**Source data**
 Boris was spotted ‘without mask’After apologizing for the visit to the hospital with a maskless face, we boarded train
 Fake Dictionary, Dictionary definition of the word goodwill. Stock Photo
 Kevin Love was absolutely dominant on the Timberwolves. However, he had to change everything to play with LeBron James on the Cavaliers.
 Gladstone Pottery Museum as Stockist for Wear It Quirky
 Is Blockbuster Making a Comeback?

**Task to carry out**
Reproduce the full listing above, keeping every line intact.

**The answer**
 Boris was spotted ‘without mask’After apologizing for the visit to the hospital with a maskless face, we boarded train
 Fake Dictionary, Dictionary definition of the word goodwill. Stock Photo
 Kevin Love was absolutely dominant on the Timberwolves. However, he had to change everything to play with LeBron James on the Cavaliers.
 Gladstone Pottery Museum as Stockist for Wear It Quirky
 Is Blockbuster Making a Comeback?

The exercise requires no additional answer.